I don't know how this past weekend got even worse, but it did.

http://philadelphia.cbslocal.com/20...-killed-in-afghanistan/#.TkBU8Ba-pCo.facebook


----------



## Chopstick (Aug 8, 2011)

Very sorry to hear this.  RIP.


----------



## Muppet (Aug 8, 2011)

Damn it. R.I.P. Ranger.

F.M.


----------



## RackMaster (Aug 8, 2011)

RIP.


----------



## tova (Aug 9, 2011)

RIP, Godspeed, PBS....


----------



## mike_cos (Aug 9, 2011)

RIP my italian bro....


----------



## Ranger_Smoothie (Aug 9, 2011)

Damn it! Rest Easy Brother. Condolences to family and friends.


----------



## Gypsy (Aug 9, 2011)

Damn.  RIP Ranger...prayers out to your family and Brothers.


----------



## ÉIREGOBRÁCH1922 (Aug 9, 2011)

R.I.P.


----------



## Red Flag 1 (Aug 9, 2011)

Rest In God's Peace and Mercy.


----------



## Ravage (Aug 9, 2011)

http://www.soc.mil/UNS/Releases/2011/August/110809-01.html

FORT BRAGG, N.C. (USASOC News Service, Aug. 09, 2011) – A U.S. Army Ranger was killed in action Aug. 8, during combat operations in support of Operation Enduring Freedom in Afghanistan. 

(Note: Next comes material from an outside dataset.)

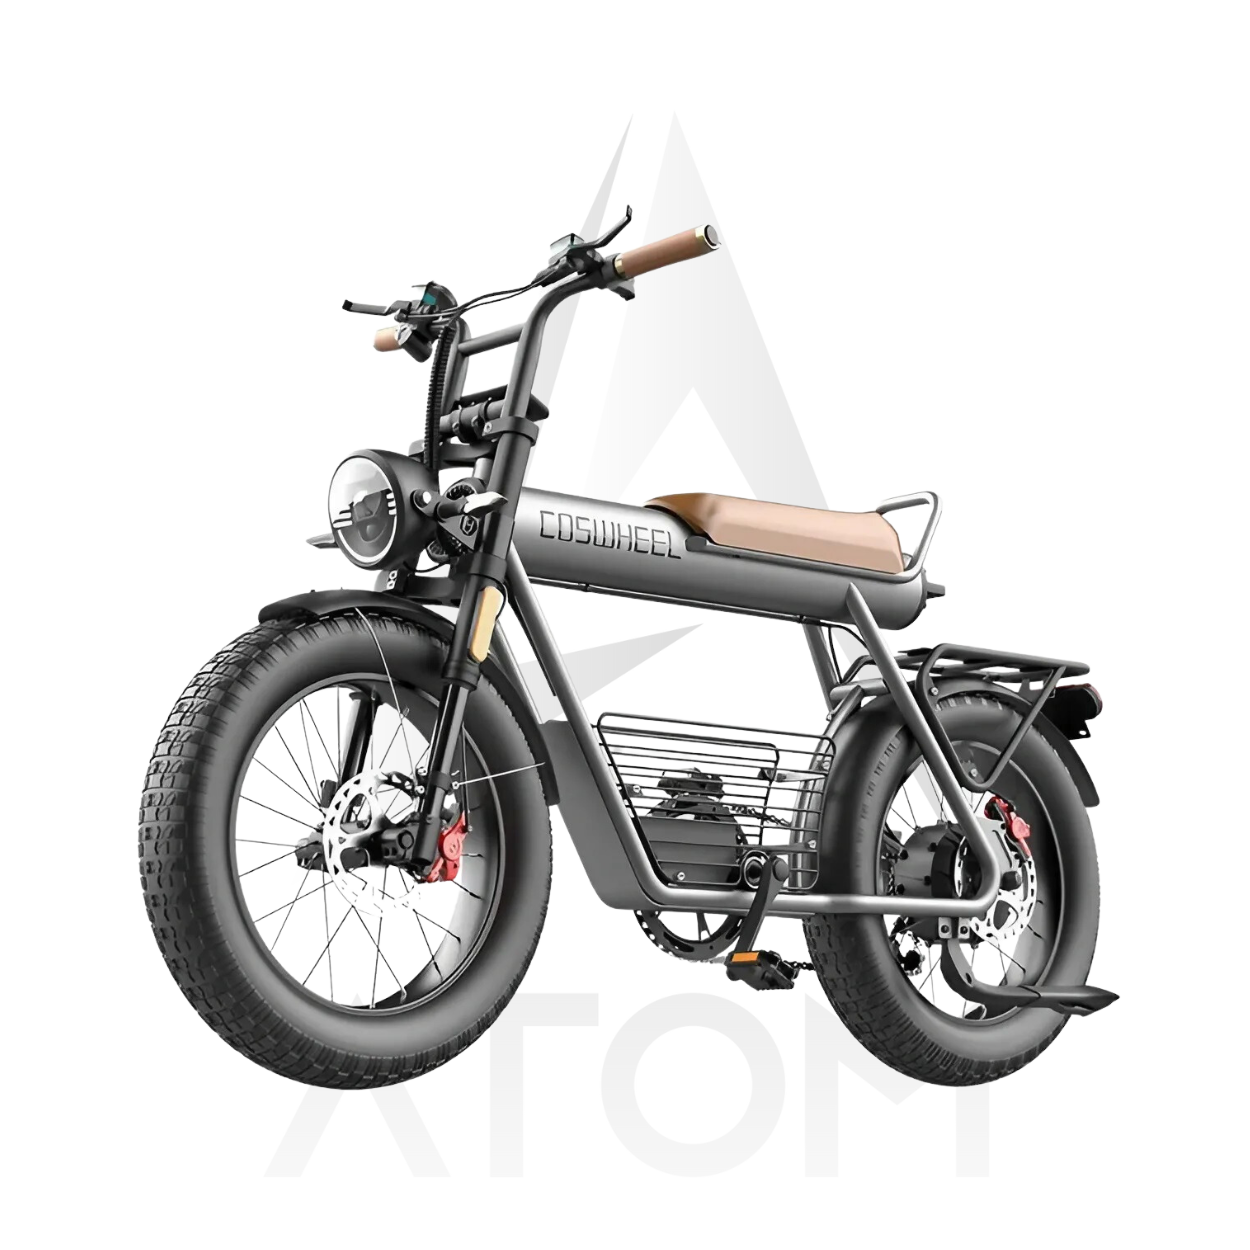 Vélo électrique Fatbike | COSWHEEL CT20 | 750W / 1000W | V-max 25 km/h | Autonomie 100 km - Atom Motors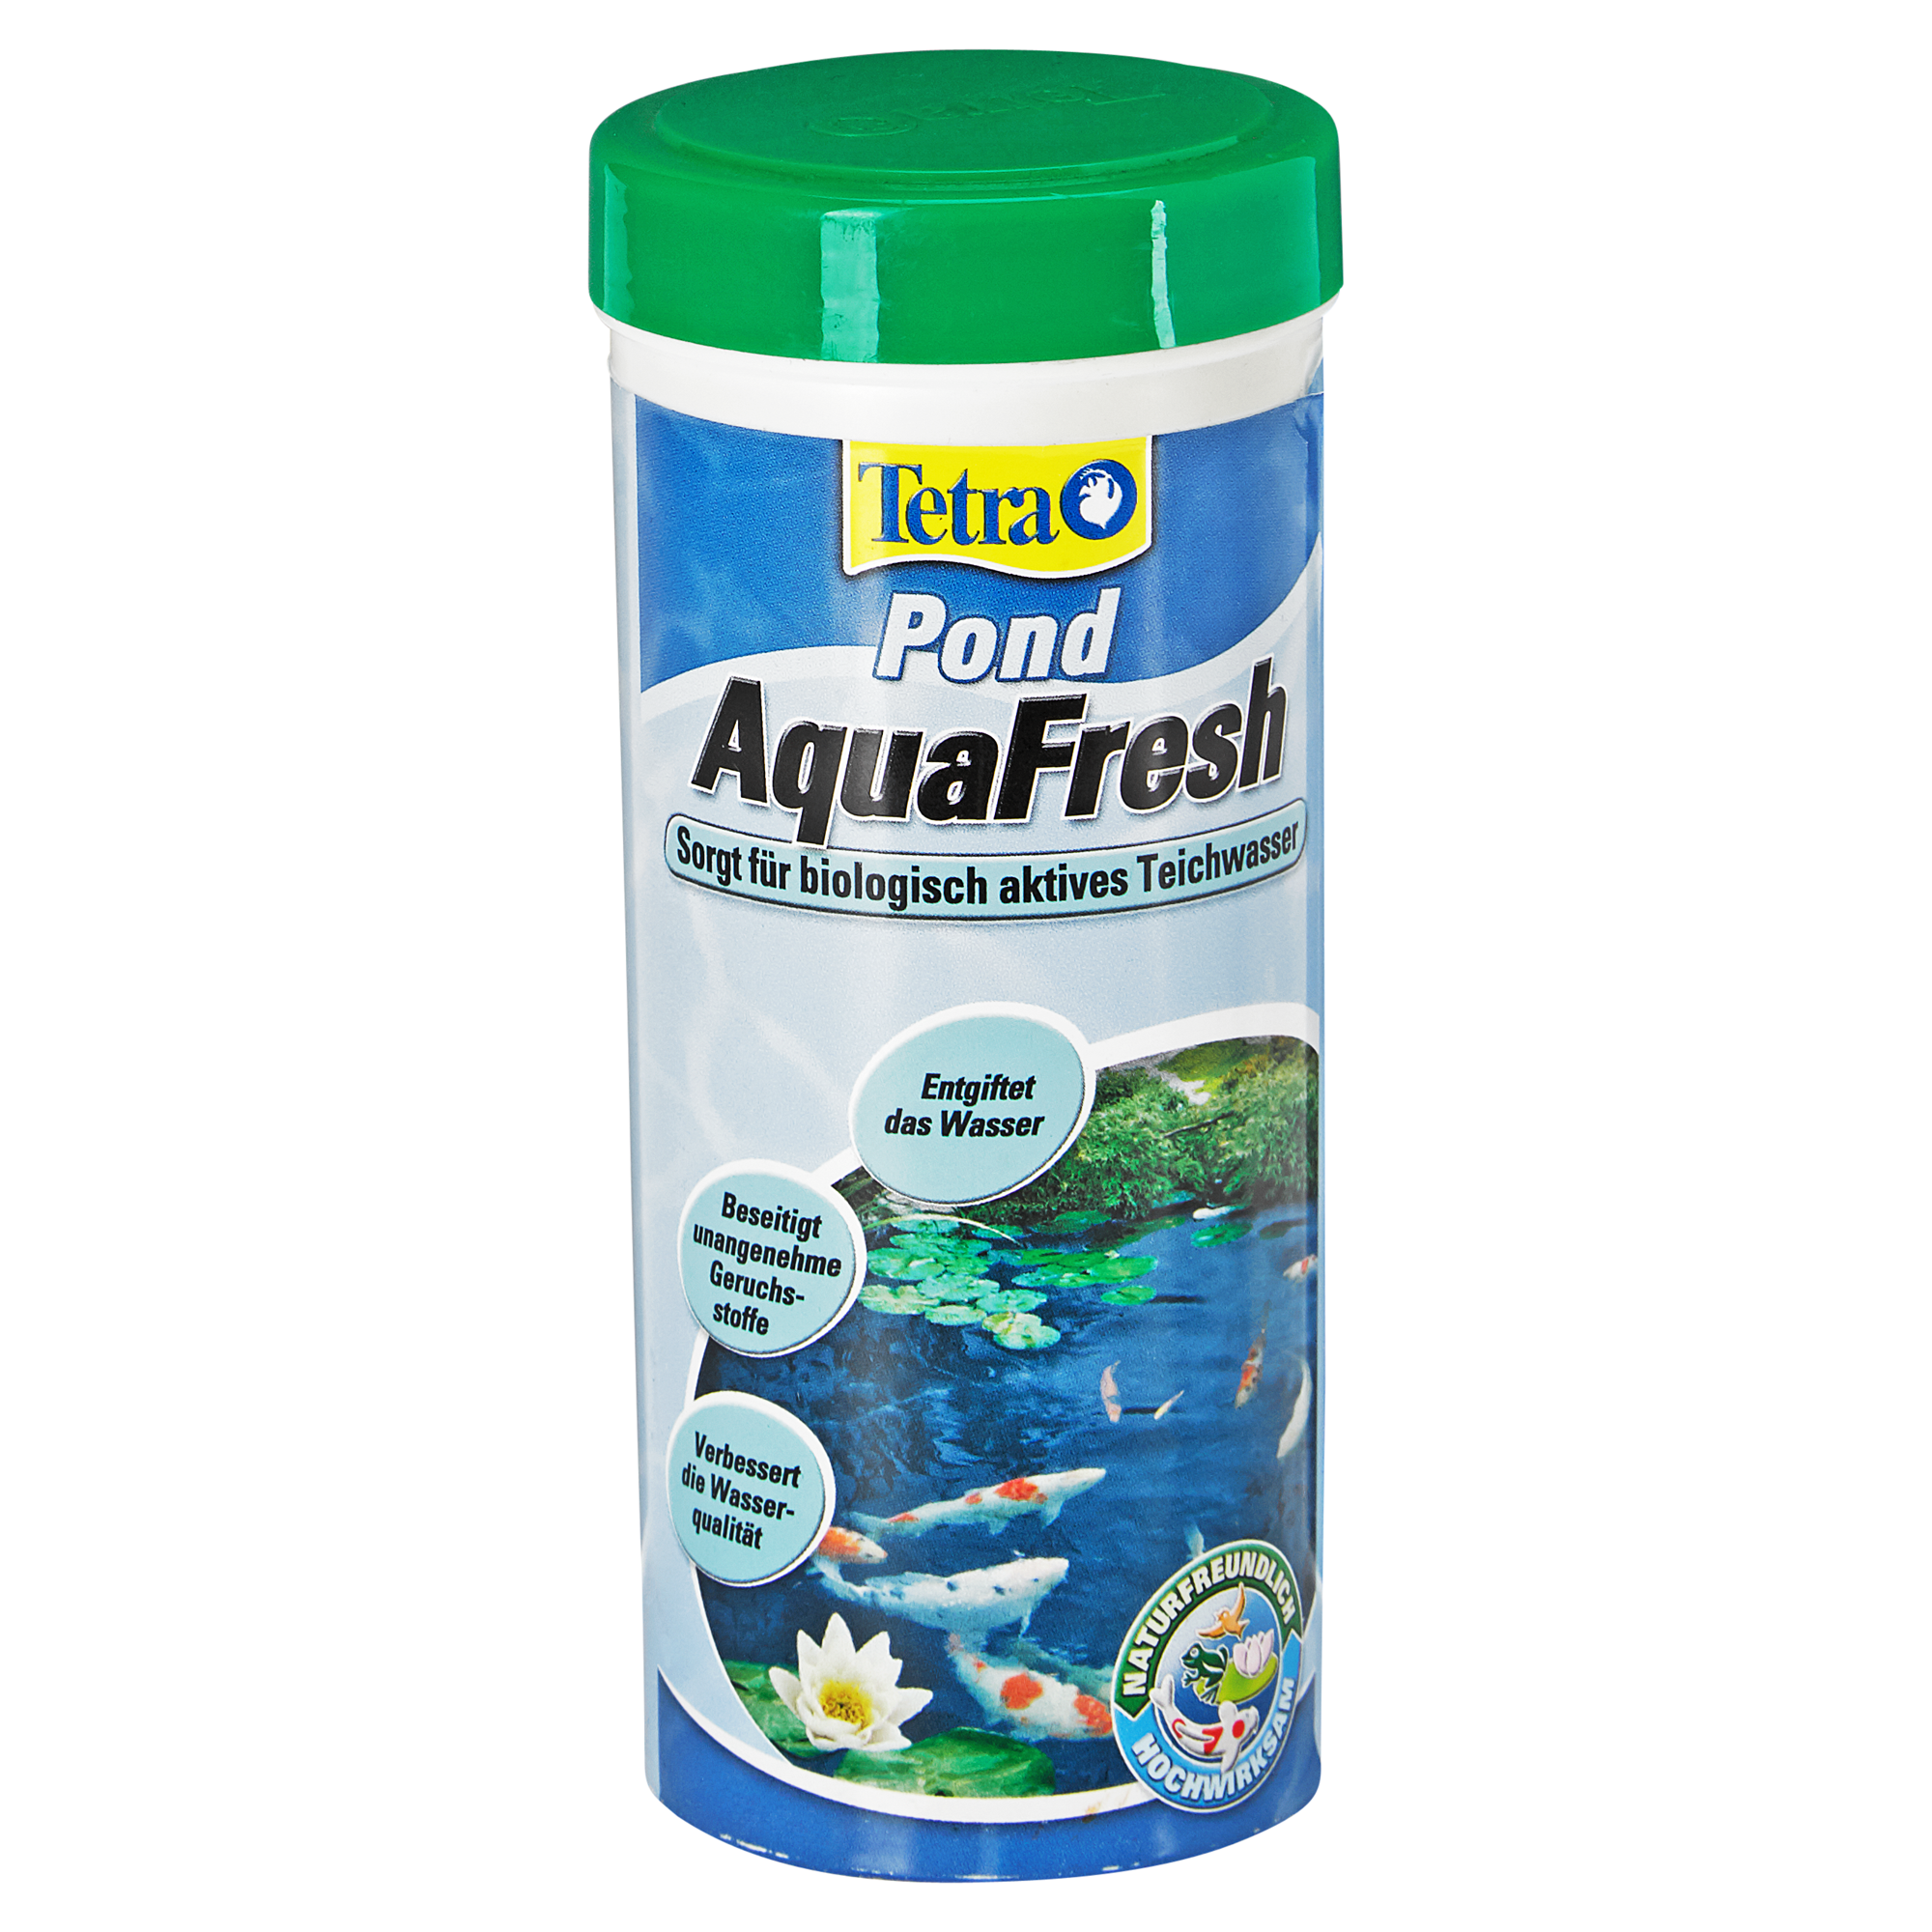 Wasseraufbereiter "AquaFresh" 300 ml + product picture

Sgt. Alessandro Leonard Plutino was assigned to Company B, 1st Battalion, 75th Ranger Regiment, at Hunter Army Airfield, Ga.

He was killed by direct fire from enemy forces during a heavy firefight while conducting combat operations in Paktiya Province, Afghanistan. 

A native of Pitman, N.J., Plutino enlisted in the U.S. Army in August 2006. For more than four years, he served as a rifleman, grenadier, automatic rifleman, and a Ranger team leader in 1st Bn., 75th Ranger Regt.

The 75th Ranger Regt. has been continuously deployed to Afghanistan since October 2001.

“Sgt. Plutino selflessly dedicated his life to protecting our Nation and way of life, and ultimately gave his life in her defense,” said Col. Michael Foster, commander, 1st Bn., 75th Ranger Regt. “He was a great man and a great Ranger, who was universally respected. His loss is felt by the entire Battalion, and our thoughts and prayers go out to his family and loved ones.”

Plutino previously served on three deployments to Iraq and this was his third deployment to Afghanistan.

“Sgt. Plutino’s enlistment in the Army was due to end in September 2011,” said Col. Mark W. Odom, commander, 75th Ranger Regt. “He, however, made the decision to voluntarily extend his service commitment until December 2011 in order to complete this deployment to Afghanistan—not a surprise to those who knew him, but it speaks to his character and commitment, not only to the 75th Ranger Regiment but to the Nation.”

Plutino is survived by his mother Dianne Hammond and his father Sandro Plutino both of Pitman, N.J.


----------



## AWP (Aug 9, 2011)

Blue Skies.


----------



## Viper1 (Aug 9, 2011)

Rest in peace SGT Plutino


----------



## policemedic (Aug 9, 2011)

RIP.


----------



## Dame (Aug 10, 2011)

Rest in peace, Sergeant.


----------



## SkrewzLoose (Aug 14, 2011)

RIP Ranger.


----------